Two particular combinations of exponential functions appear frquently in many applications that it has been worth-while to use special symbols for those combinations. The hyperbolic sine of a variable x, written sinhx (or shx), is defined by
\[ \sinh x = \frac{1}{2}\, e^x - \frac{1}{2}\, e^{-x} ; \]
the hyperbolic cosine of x, written coshx (or chx). is defined by
\[ \cosh x = \frac{1}{2}\, e^x + \frac{1}{2}\, e^{-x} . \]
Mathematica has dedicated commands for these functions: Sinh[x] and Cosh[x]. Hyperbolic functions were introduced in the 1760s independently by Vincenzo Riccati and Johann Heinrich Lambert.
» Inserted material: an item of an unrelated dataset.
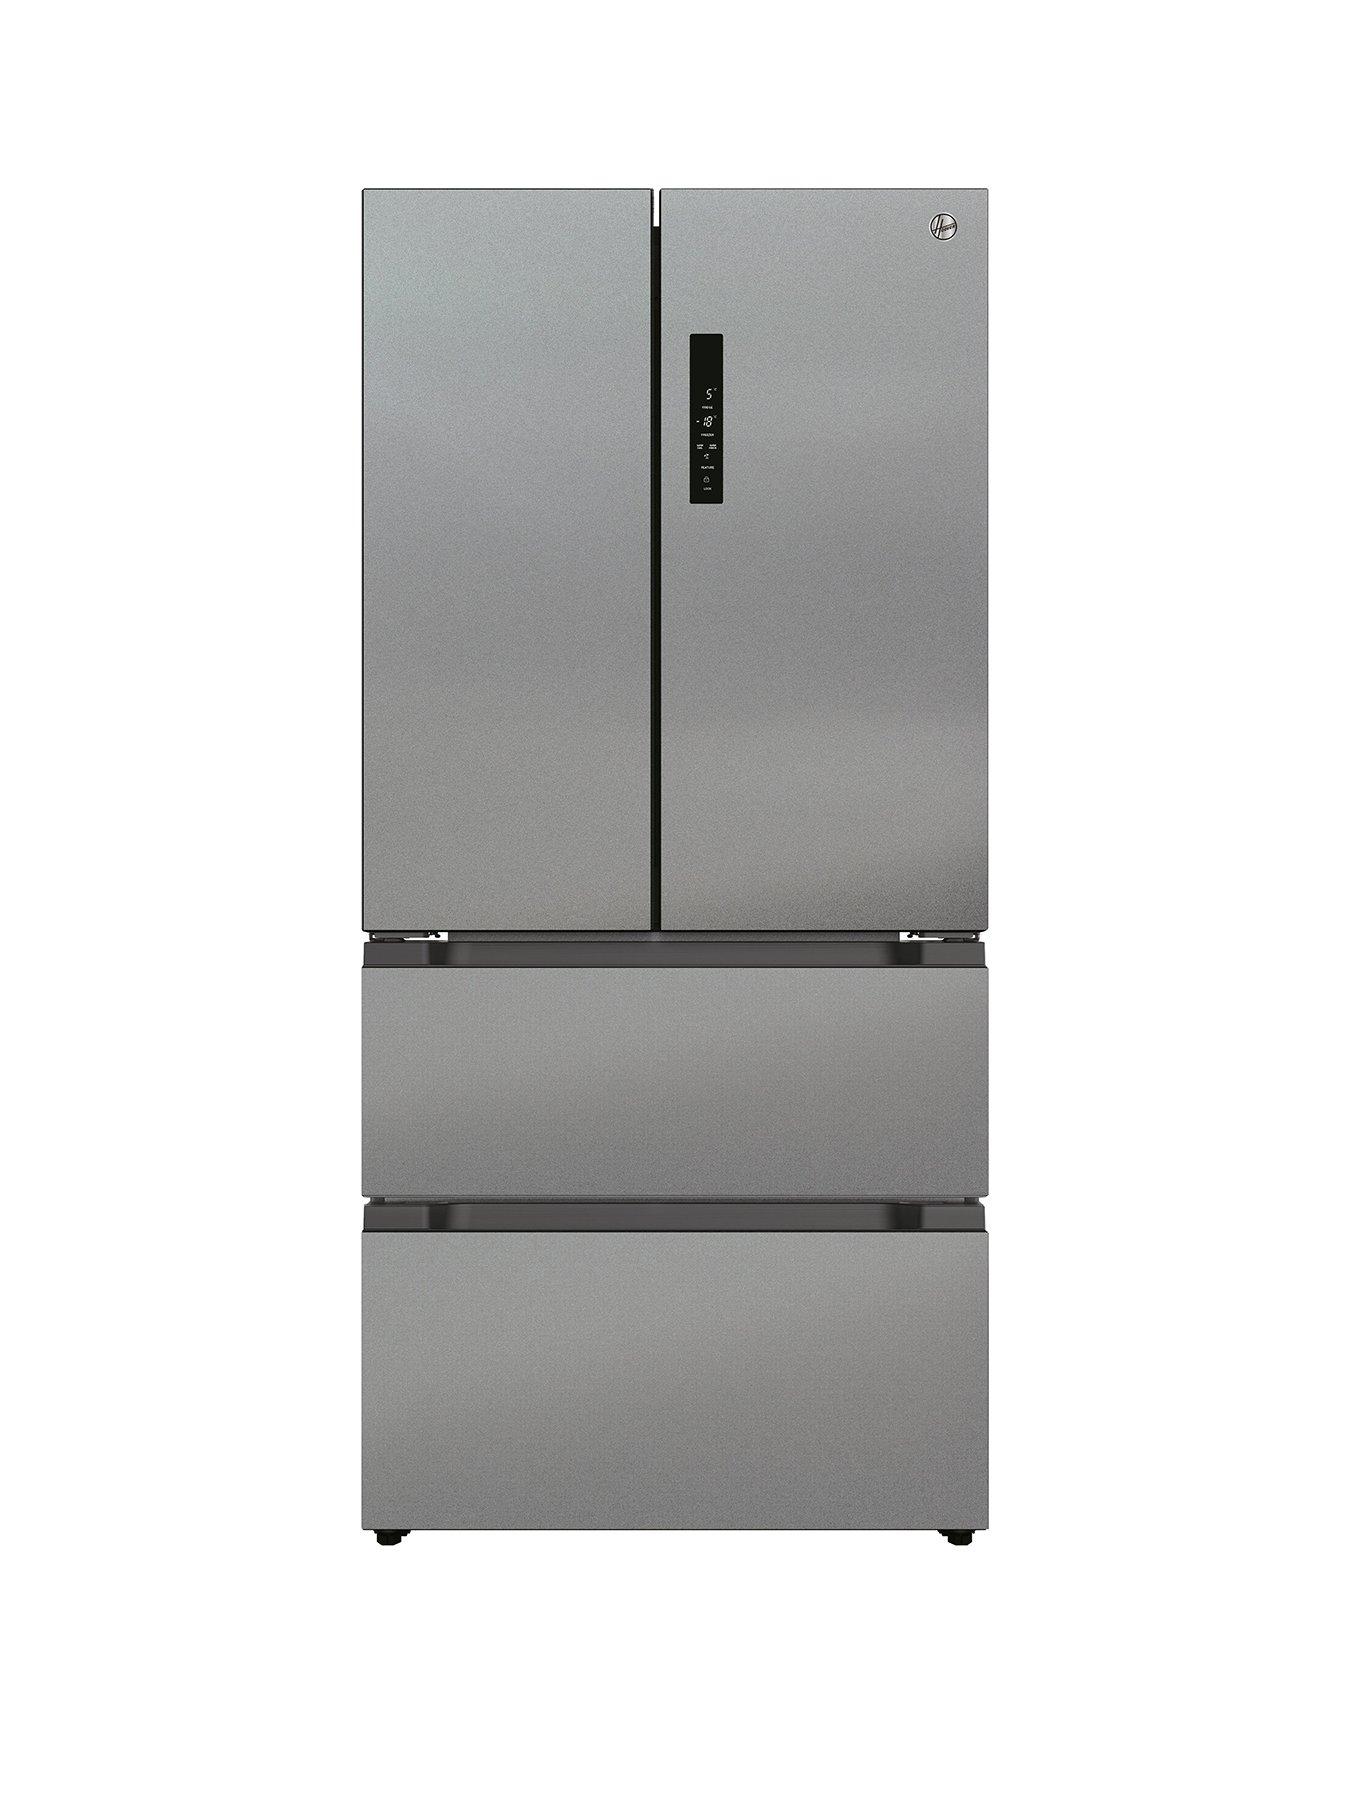 Hoover H-Fridge 700 Maxi Hsf818Fxk American Fridge Freezer With Total No Frost - Stainless Steel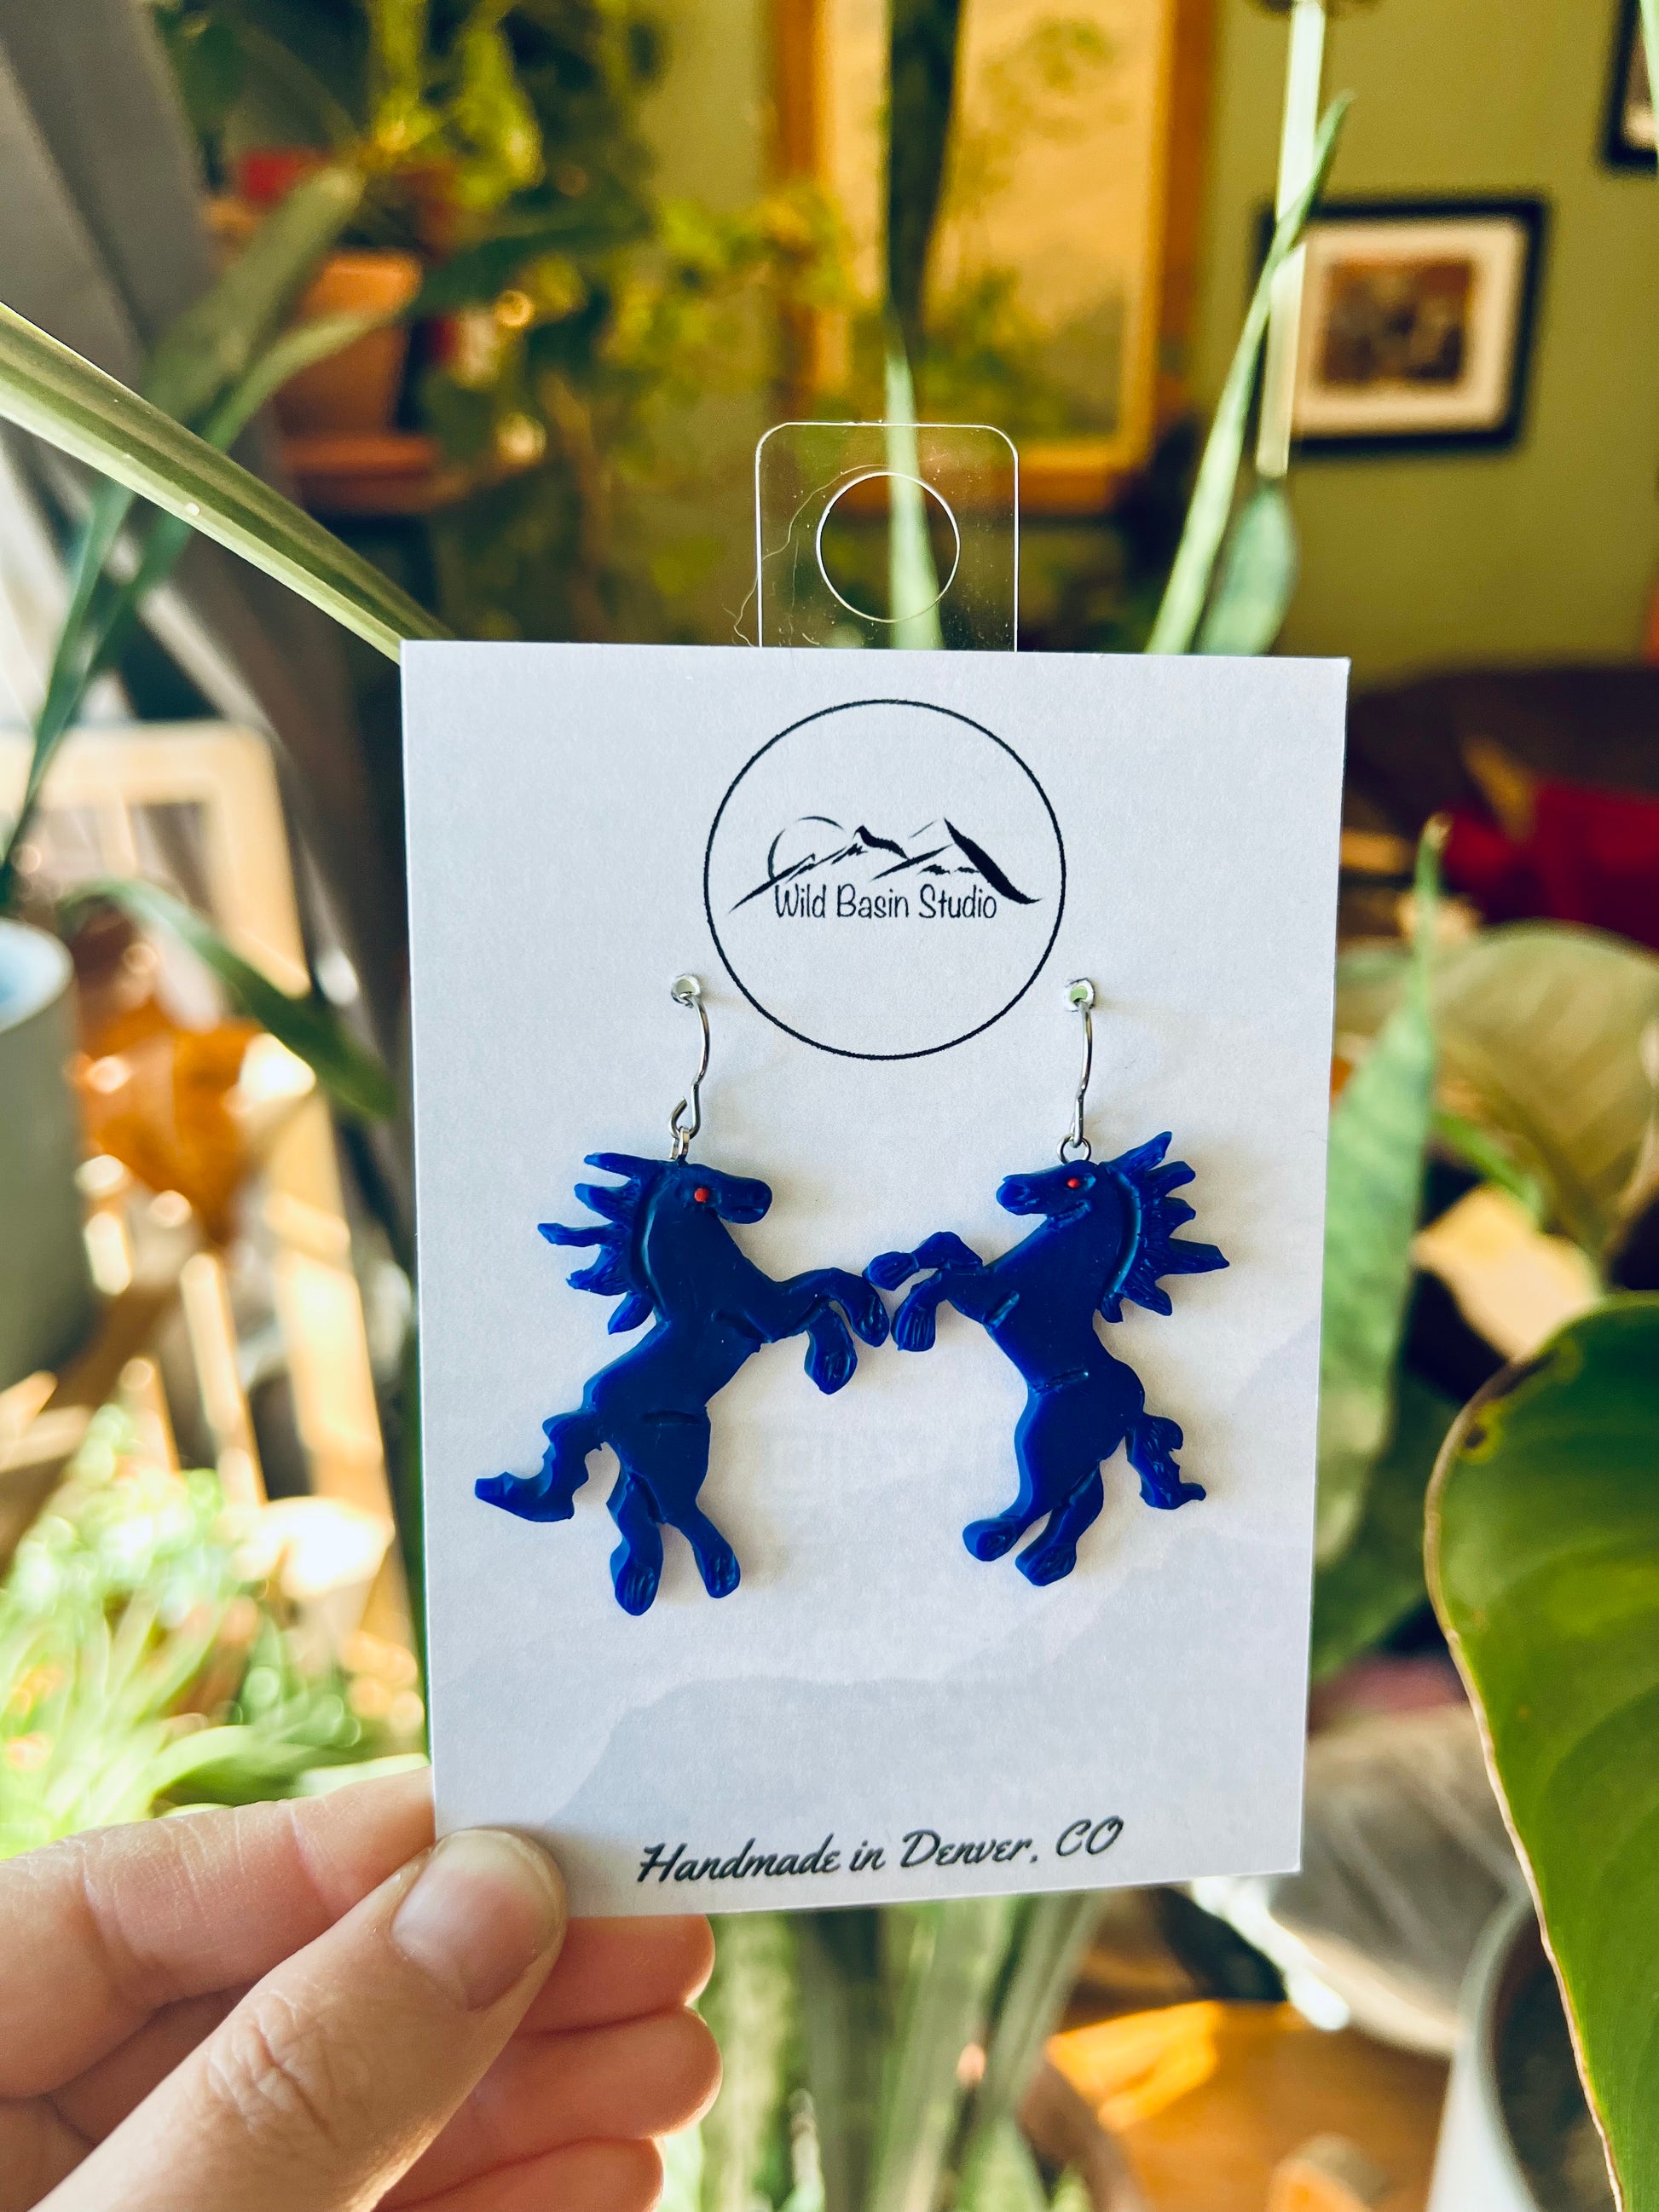 Experience the iconic Blucifer at DIA in a new way with our polymer clay earrings inspired by this Denver landmark. These artisan-crafted earrings capture the spirit of the Blue Mustang, adding a touch of local charm to your style. Show off your Mile High pride with these unique statement pieces!

The hyperbolic functions are related to regular trigonometric functions due to Euler's formulas:
\[ \sin x = \frac{1}{2{\bf j}}\, e^{{\bf j} \,x} - \frac{1}{2{\bf j}}\, e^{-{\bf j} \,x} , \qquad \cos x = \frac{1}{2}\, e^{{\bf j} \,x} + \frac{1}{2}\, e^{-{\bf j} \,x} , \quad {\bf j}^2 =-1. \]
Four more hyperbolic functions are
\begin{align*} \tanh x &= \frac{\sinh x}{\cosh x} , \qquad \sech x = \frac{1}{\cosh x} , \\ \csch x &= \frac{1}{\sinh x} , \qquad \coth x = \frac{\cosh x}{\sinh x} . \end{align*}
Plot[{Sinh[x], Cosh[x]}, {x, -1.9, 1.9}, PlotLabels -> Placed[{"sinh x", "cosh x"}, {Scaled[1], Before}]]
Plot[{Tanh[x], Coth[x]}, {x, -1.4, 1.4}, PlotLabels -> Placed[{"tanh x", "coth x"}, {Scaled[1], Before}]]
Plot[{Sech[x], Csch[x]}, {x, -1.4, 1.4}, PlotLabels -> Placed[{"sech x", "csch x"}, {Scaled[1], After}]]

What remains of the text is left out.